Britain’s choice of the nuclear option did not
give it the added weight in world affairs its leaders
expected from it, nor did its role at the head of the
too-disparate Commonwealth. For a time, Britain
was the only nuclear power besides the Soviet
Union and the US. In 1946 the Americans had
repudiated agreements to share with Britain the
secrets of the bomb, so Attlee decided to develop
an independent bomb. Research and development
in Britain, however, reached fruition only in 1952,
a year after the Conservatives had returned to
power. Even then the full lethal consequences of
radiation were not understood; Britain’s chief scientists
had recommended that the atomic tests be
conducted off the coast of Scotland. In the event,
Monte Bello Island off the coast of Australia was
chosen and, in consequence, Australian rather
than British lives were unknowingly jeopardised.

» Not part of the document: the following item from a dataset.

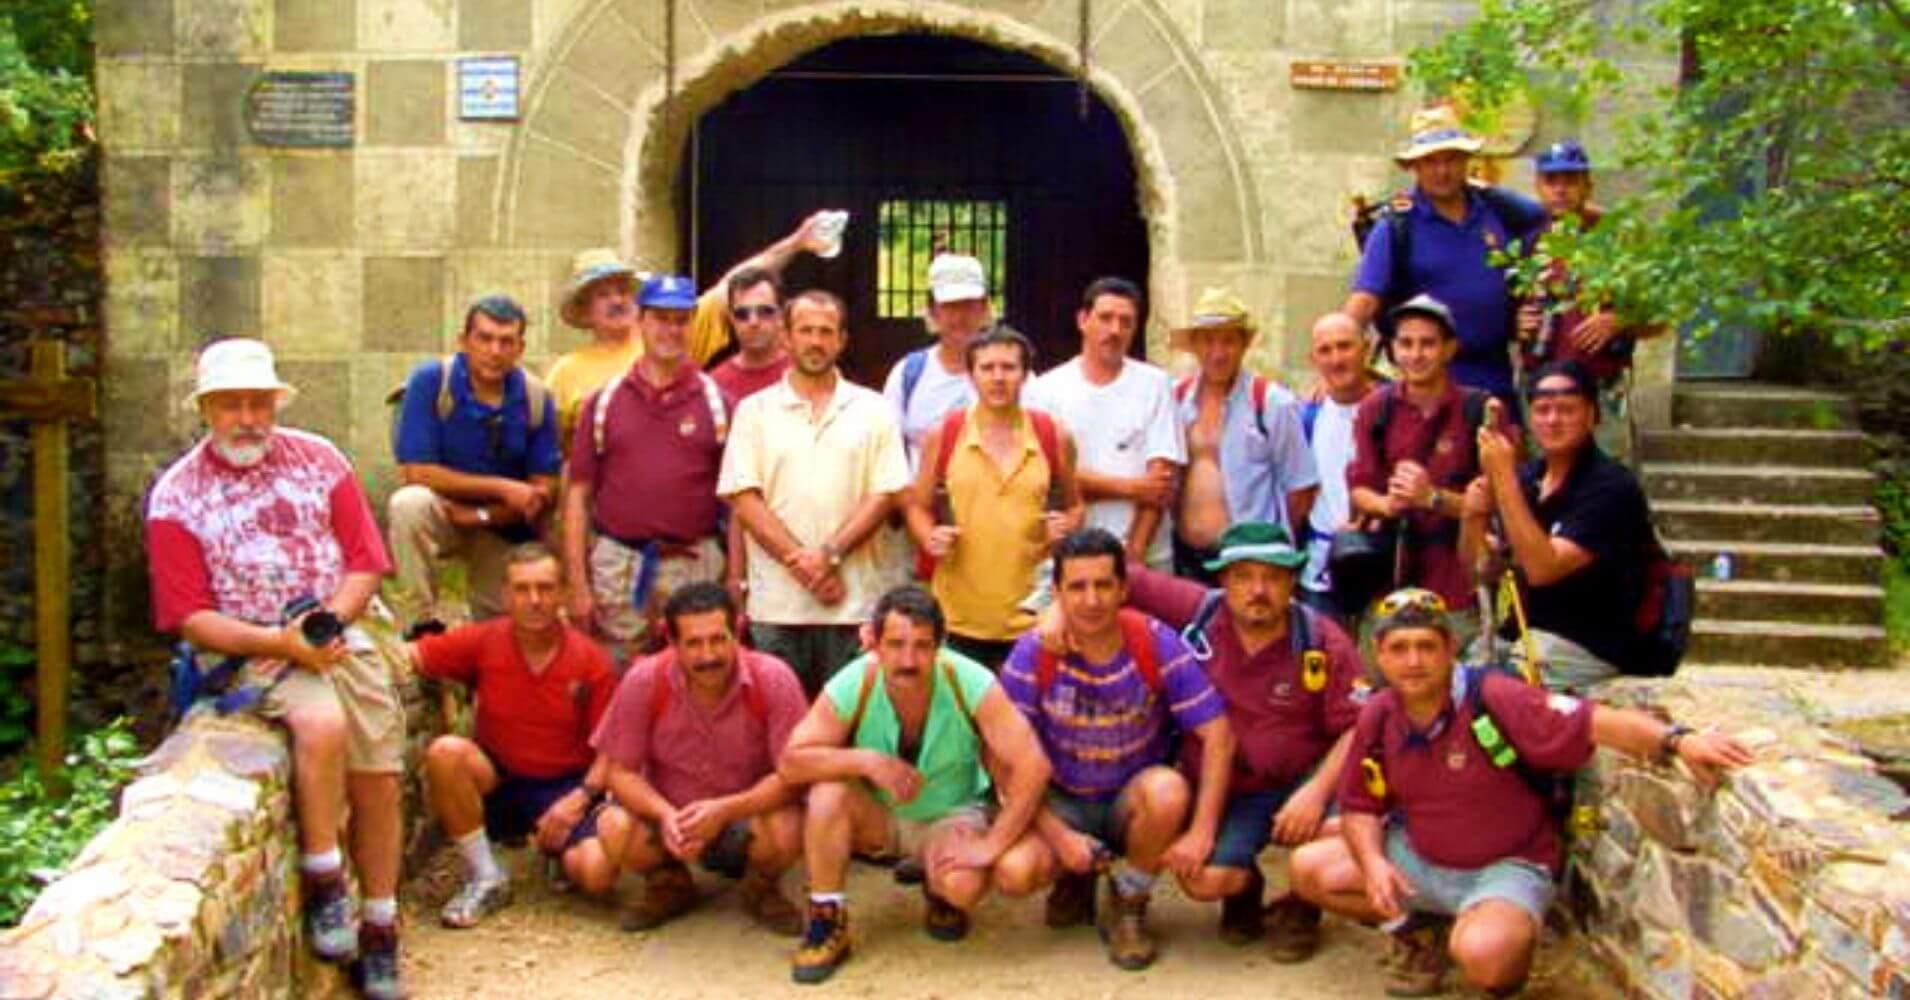 Grupo en la Puerta del Monasterio de las Batuecas. Salamanca. Castilla y León.

Only a month after Britain’s first successful test in
1952 the ante was raised when the US demonstrated
the much more destructive thermonuclear
bomb, the H-bomb. Churchill was determined to
keep pace with the US and the Soviet Union:
Britain would not surrender the option of pursuing
independent policies. Five years later, in May
1957, Britain carried out its own successful Hbomb
test. By then Harold Macmillan had taken
over the premiership from Eden after the 1956
Suez fiasco. A strong adherent of both traditional
British independence and the American alliance,
Macmillan was able to restore some glow to the
special relationship by persuading Eisenhower to
resume Anglo-American nuclear cooperation.

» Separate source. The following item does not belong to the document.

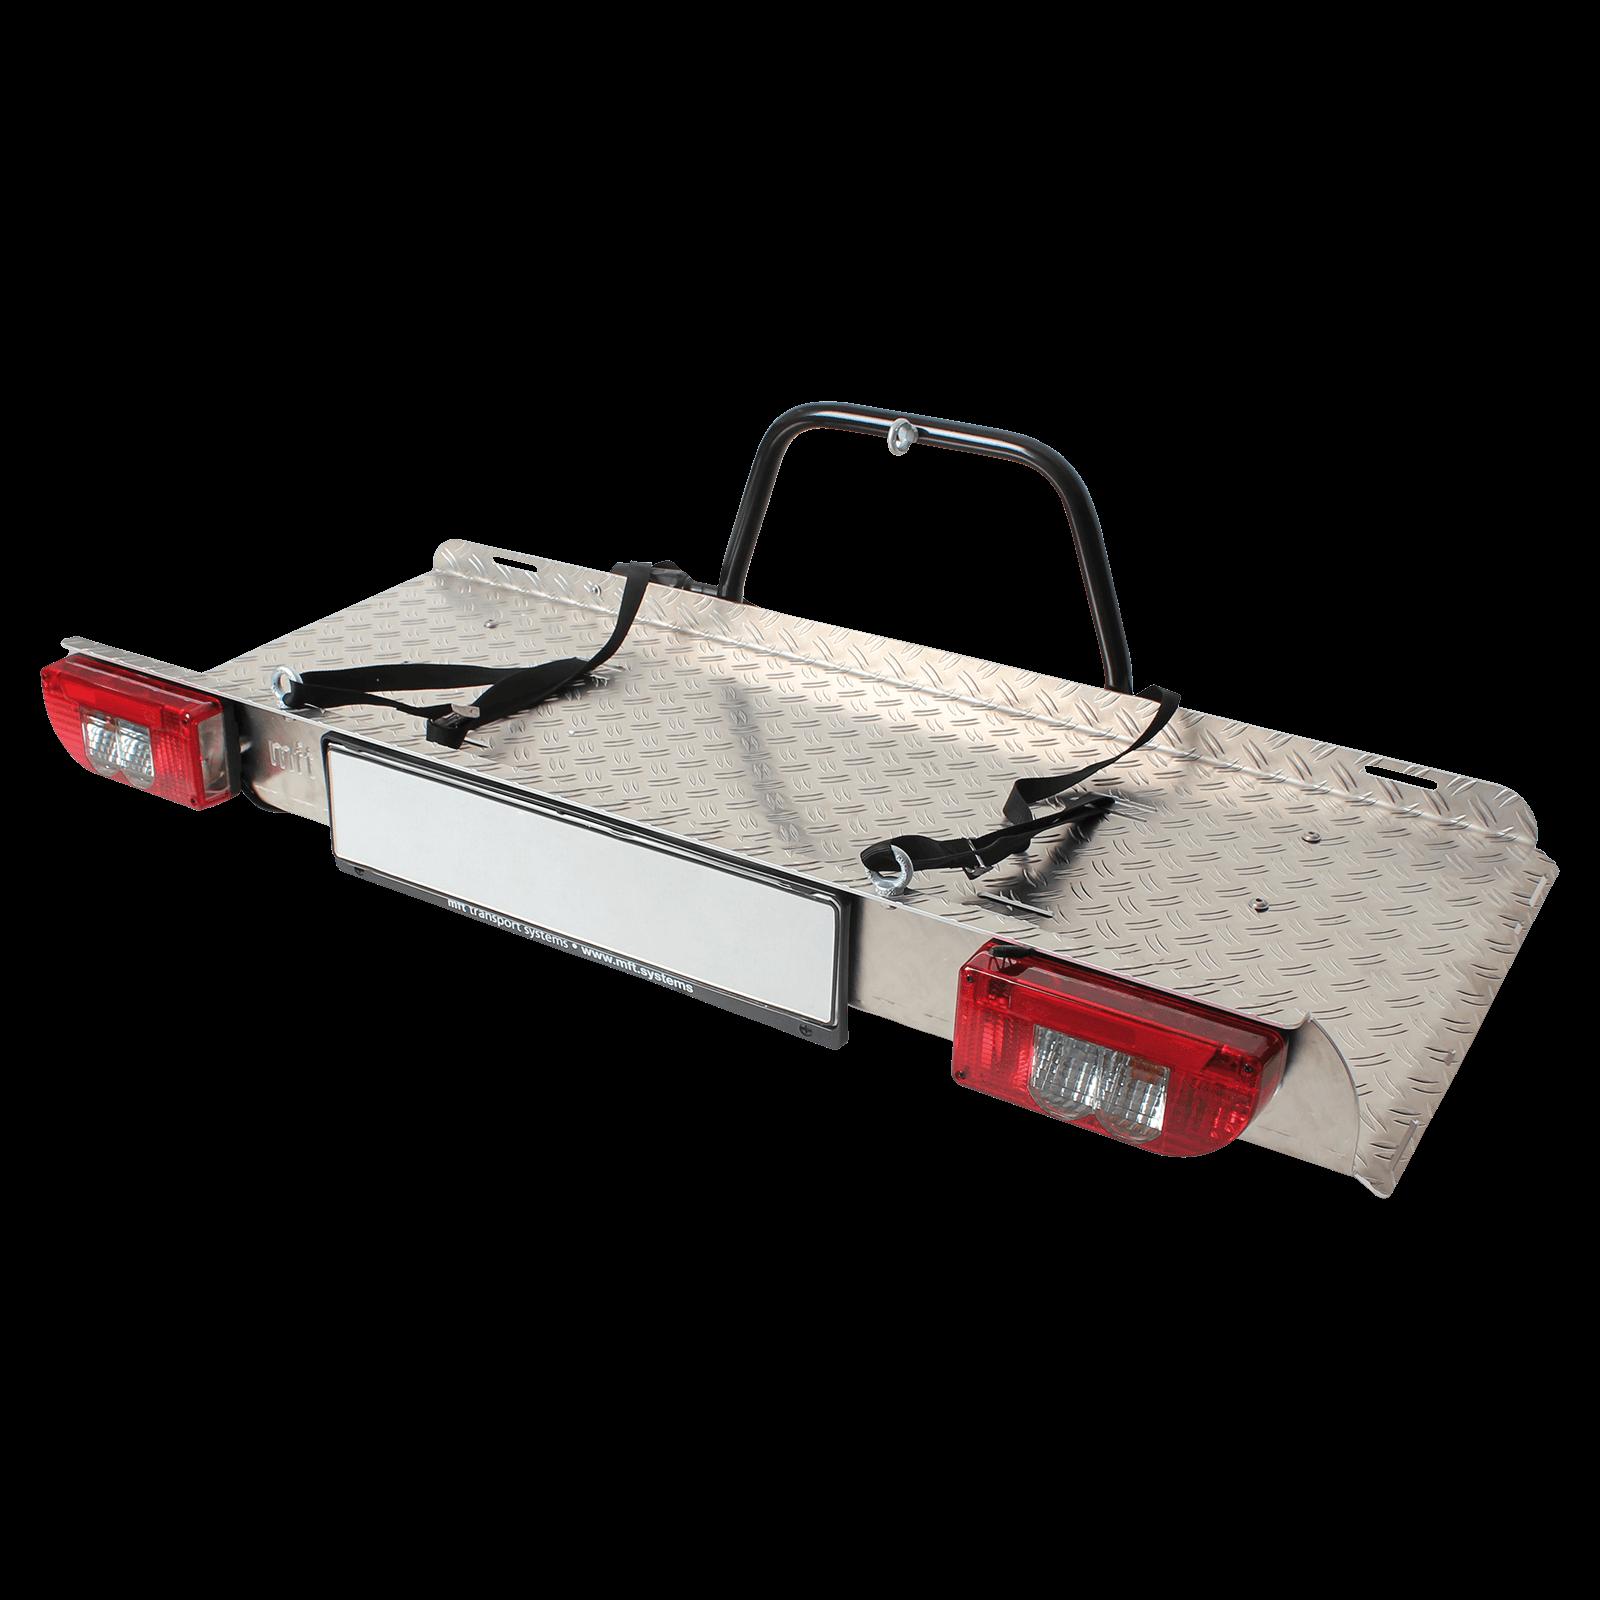 sport günstig online kaufentransportplattform mft backpack für tragemodul backcarrier 66 kg zuladung 136cm x 32cm x 65cm verwendung

Britain failed to develop its own missiles to
carry the nuclear warheads and so was obliged to
buy them from the US. In December 1962
Macmillan met President Kennedy in the Bahamas
and successfully negotiated the Nassau Agreement,
under which the US undertook to supply
Polaris missiles to be fitted to British-built atomic
submarines. This Anglo-American deal was to
have profound implications for Anglo-French
relations and so for Britain’s attempts to join the
Common Market in the 1960s, because de Gaulle
interpreted it as evidence of a British decision to
opt for the US rather than Western Europe and of
a British desire to relegate France to a second-class
status. As a result, in 1963 the general turned
down Britain’s application to join the Common
Market. Although eventually Britain and the US
sought to pacify their non-nuclear NATO allies by
setting up in 1966 joint nuclear defence committees,
which would share nuclear planning rather
than weapons, the French – who by now had their
own nuclear missiles – maintained their refusal
to participate in NATO’s integrated nuclear structure
and went their own way, testing their
weapons in the South Pacific.
The continuous nuclear debate highlights the
significance of these decisions at home and internationally.

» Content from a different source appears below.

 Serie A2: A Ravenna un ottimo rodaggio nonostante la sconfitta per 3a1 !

At home the horror aroused by a
weapon of indiscriminate mass destruction
prompted in 1958 the largest popular protest
movement of post-war Britain, the Campaign for
Nuclear Disarmament (CND). Originally its moral
appeal cut across traditional party and class lines.
CND became a powerful radical movement led by
middle-class left-wingers, who sought to persuade
the Labour Party to abandon the bomb unilaterally
and so give a moral lead to the world. Within the
Labour Party, demands for unilateral disarmament
became a serious embarrassment for its leaders
from Gaitskell to Neil Kinnock in the 1980s.
Britain’s fivefold policy aims looked fine on
paper, but the essence of a successful and coherent
strategy is that all its elements should harmonise
and that its priorities should be ordered correctly.
Britain was handicapped by its success in the
Second World War and by its unbroken historical
tradition. It would have been difficult to foresee in
the 1950s the rapidity of Western Europe’s recovery
from the war. Towards its European neighbours
Britain followed a policy of a partial commitment.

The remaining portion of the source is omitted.